◆ PROVIDED MATERIAL
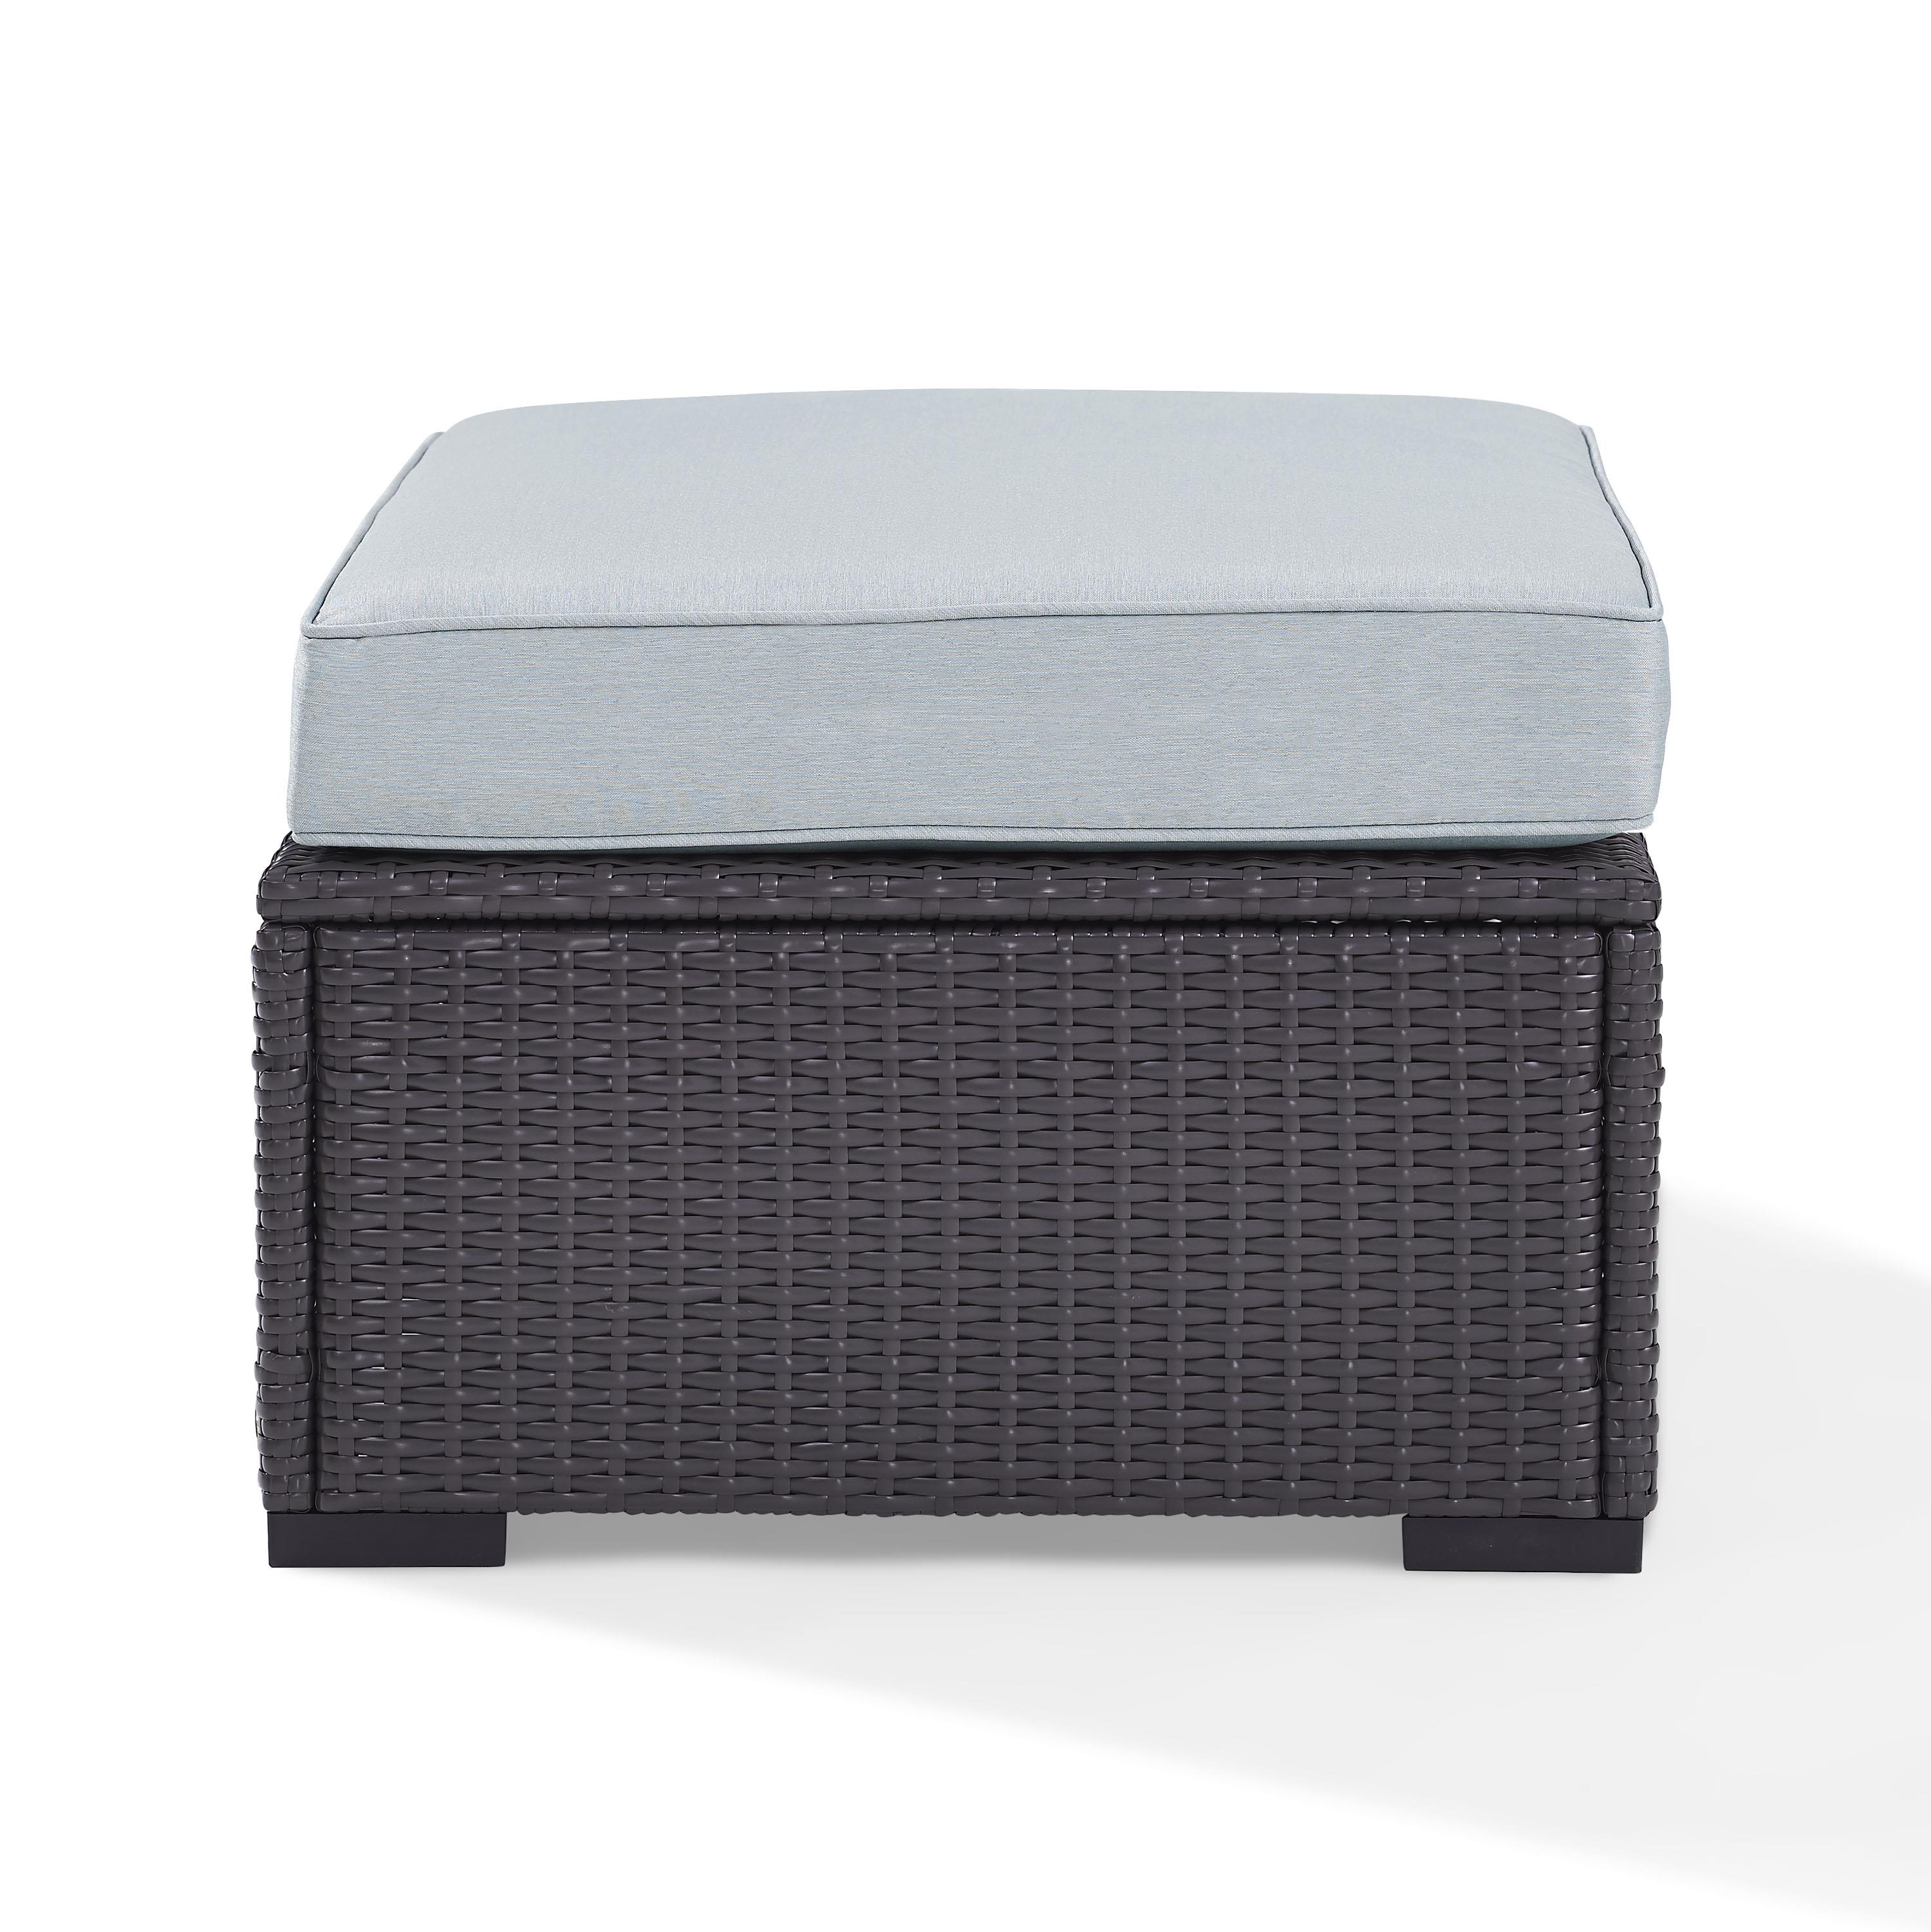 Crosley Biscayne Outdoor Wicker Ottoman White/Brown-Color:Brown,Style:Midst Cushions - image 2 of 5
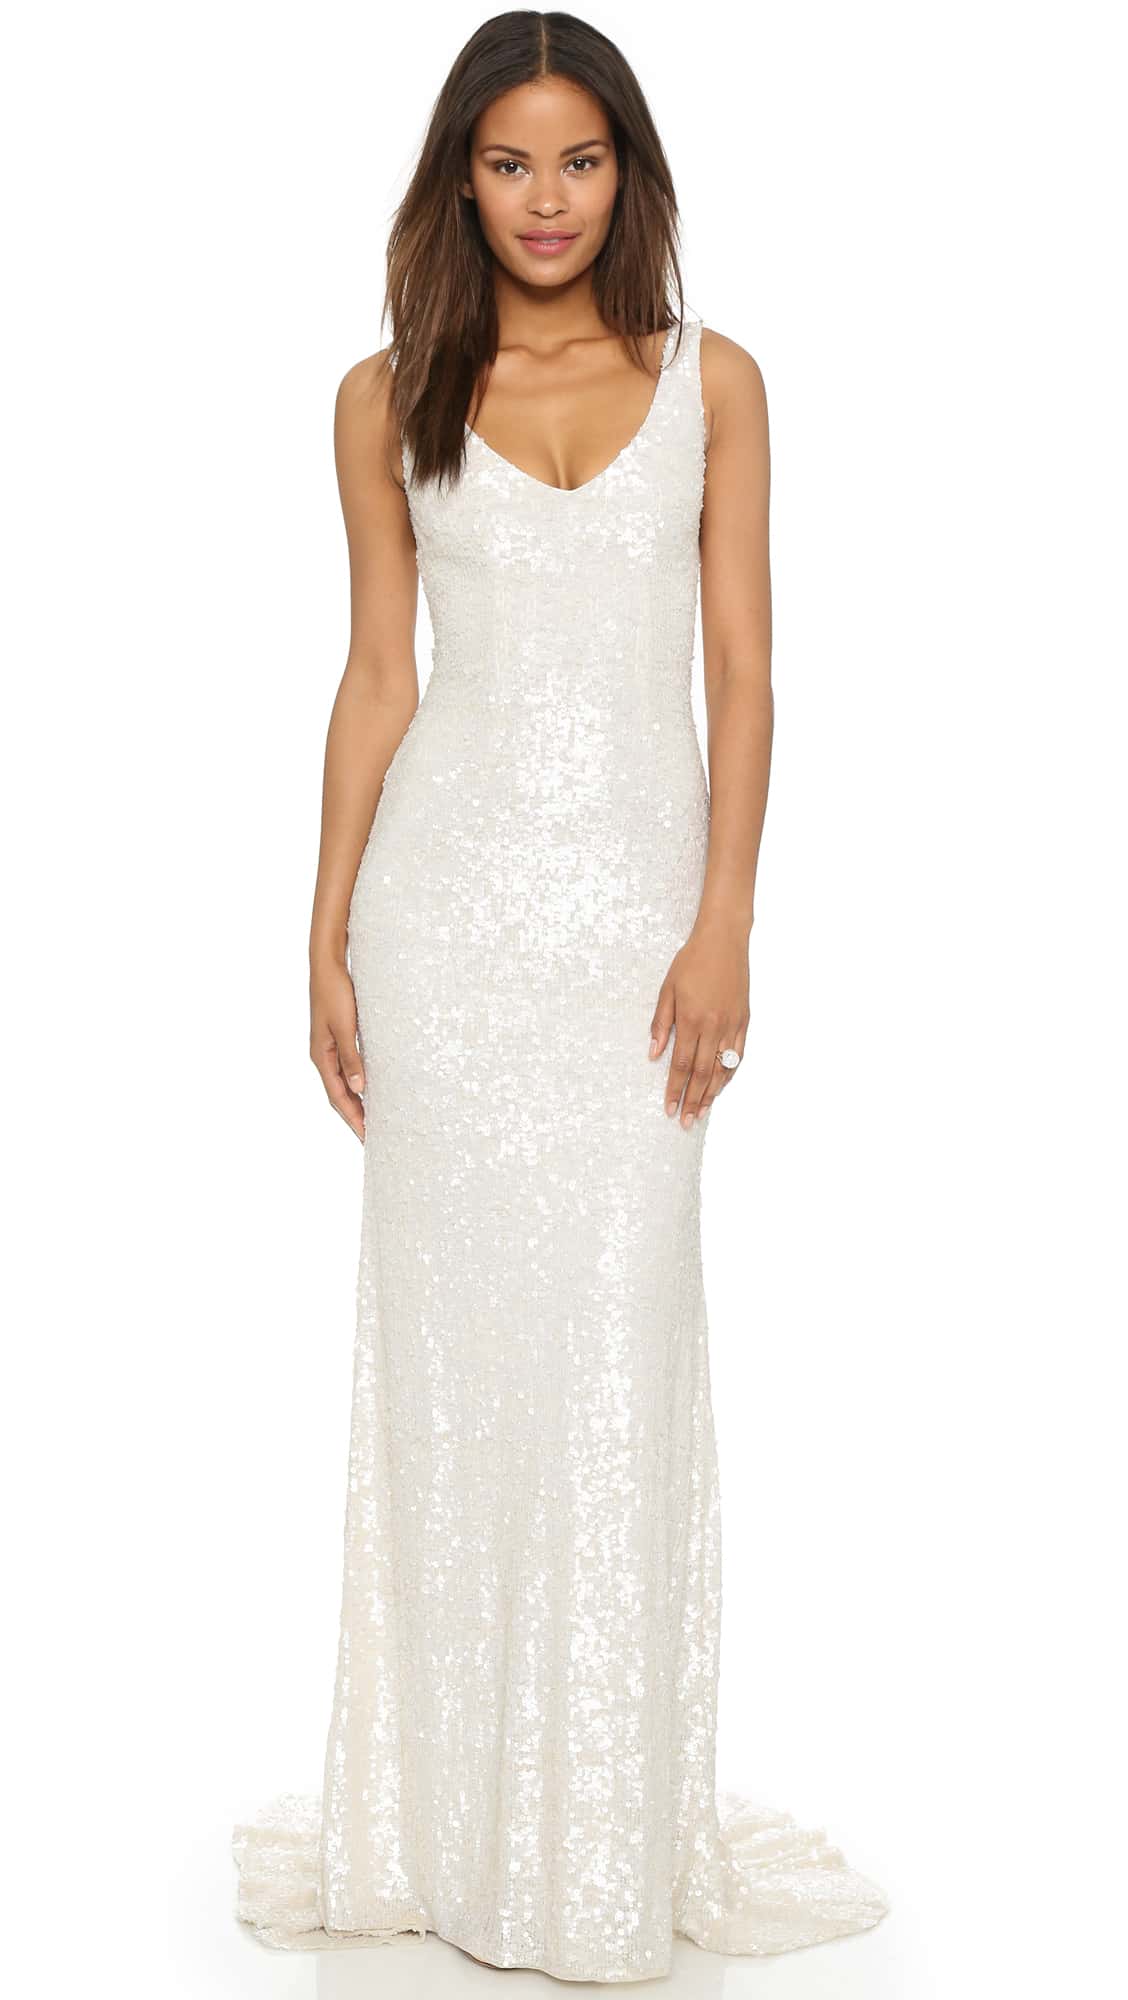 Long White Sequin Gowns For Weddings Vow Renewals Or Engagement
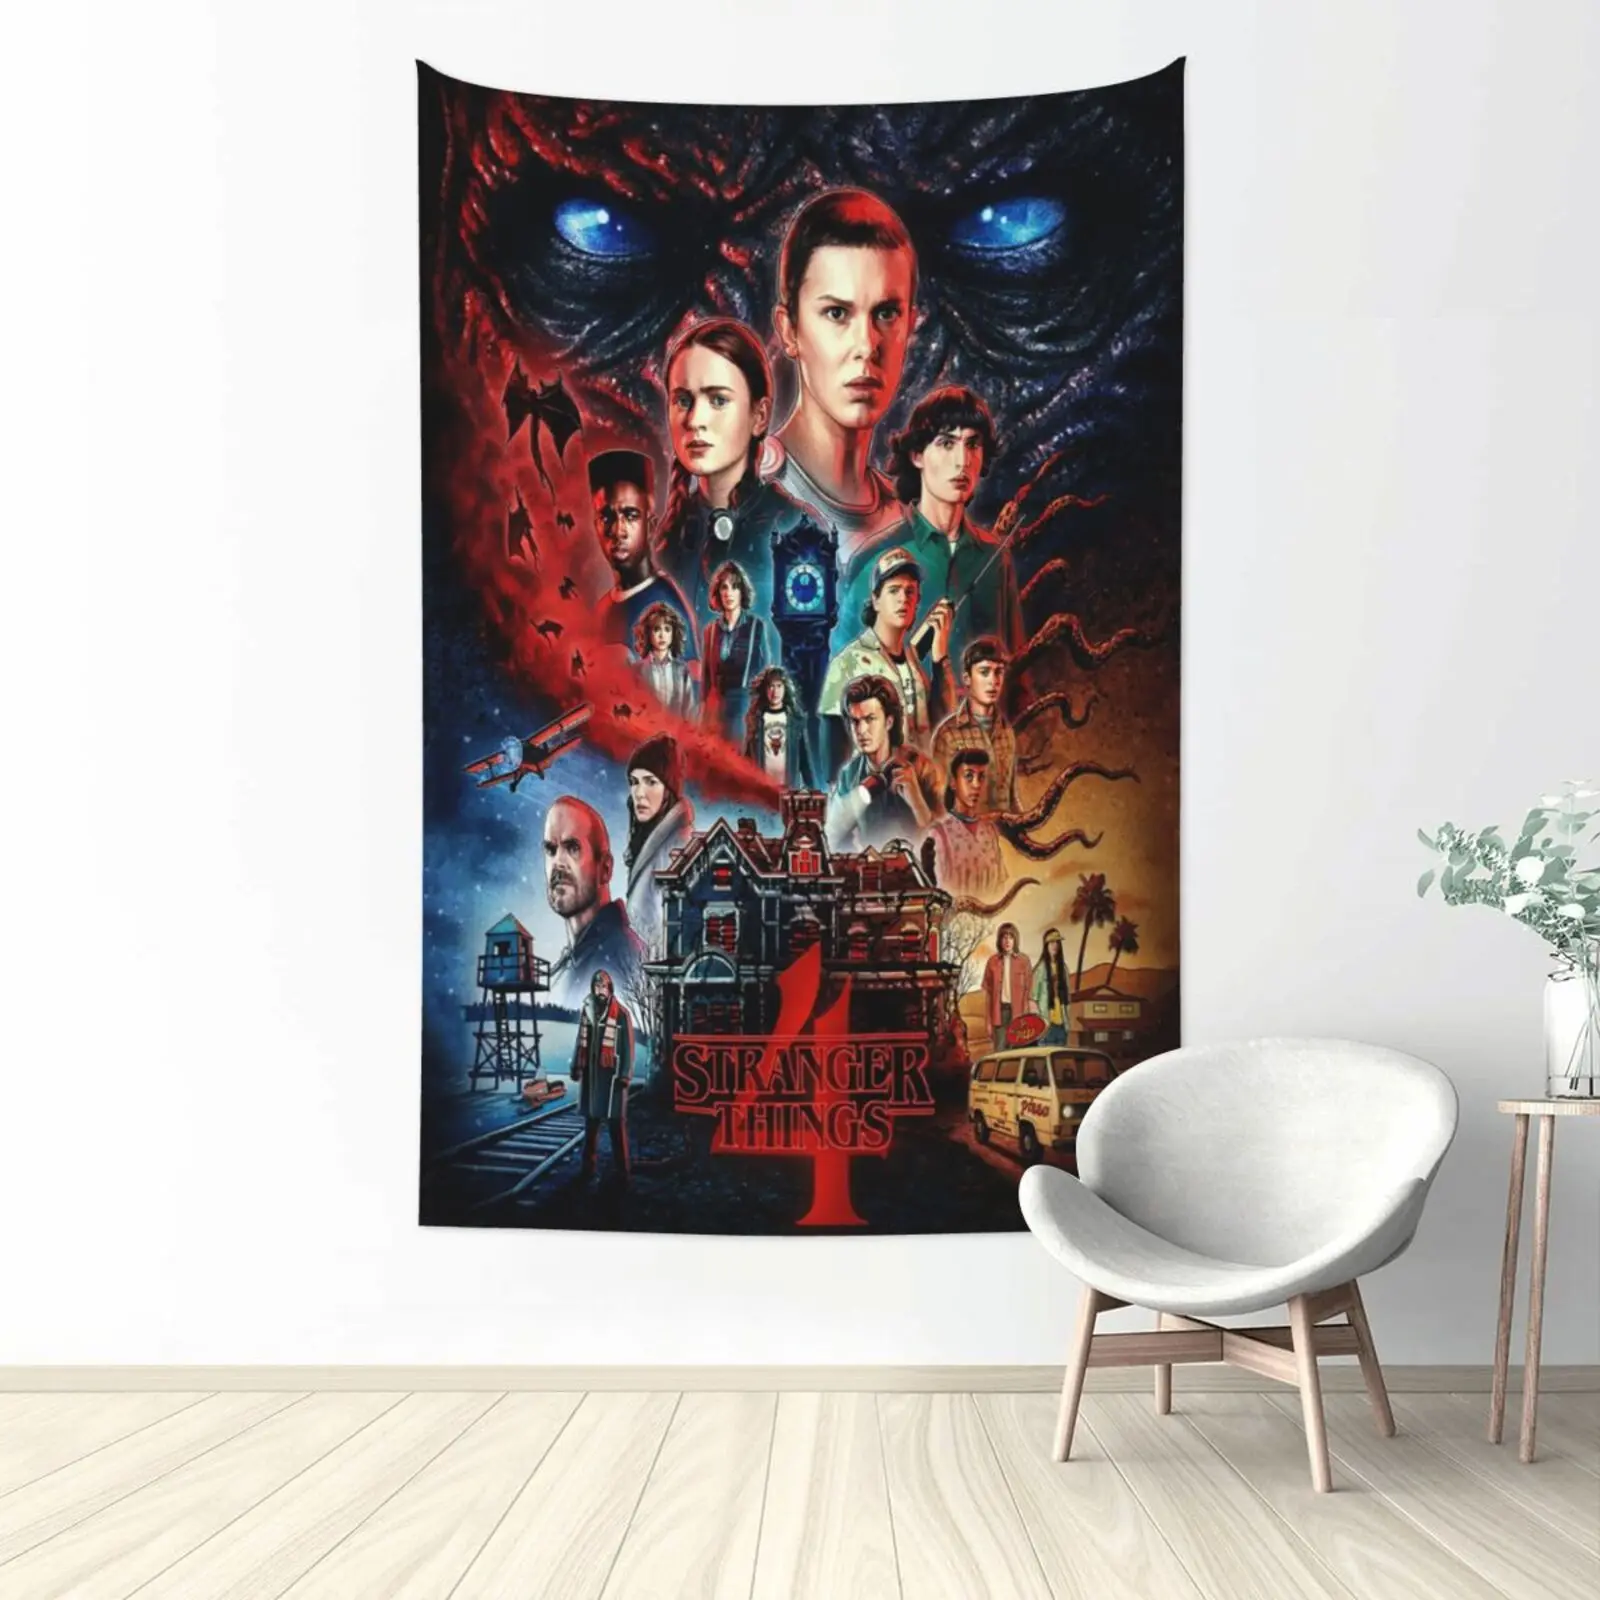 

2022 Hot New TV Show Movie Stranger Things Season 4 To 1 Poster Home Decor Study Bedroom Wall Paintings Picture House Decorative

◆ ABOUT THIS EXERCISE
Leaving out only the pictures, reproduce the listing exactly.

◆ WRITTEN RESPONSE
 Crosley Biscayne Outdoor Wicker Ottoman White/Brown-Color:Brown,Style:Midst Cushions - image 2 of 5
 Long White Sequin Gowns For Weddings Vow Renewals Or Engagement

2022 Hot New TV Show Movie Stranger Things Season 4 To 1 Poster Home Decor Study Bedroom Wall Paintings Picture House Decorative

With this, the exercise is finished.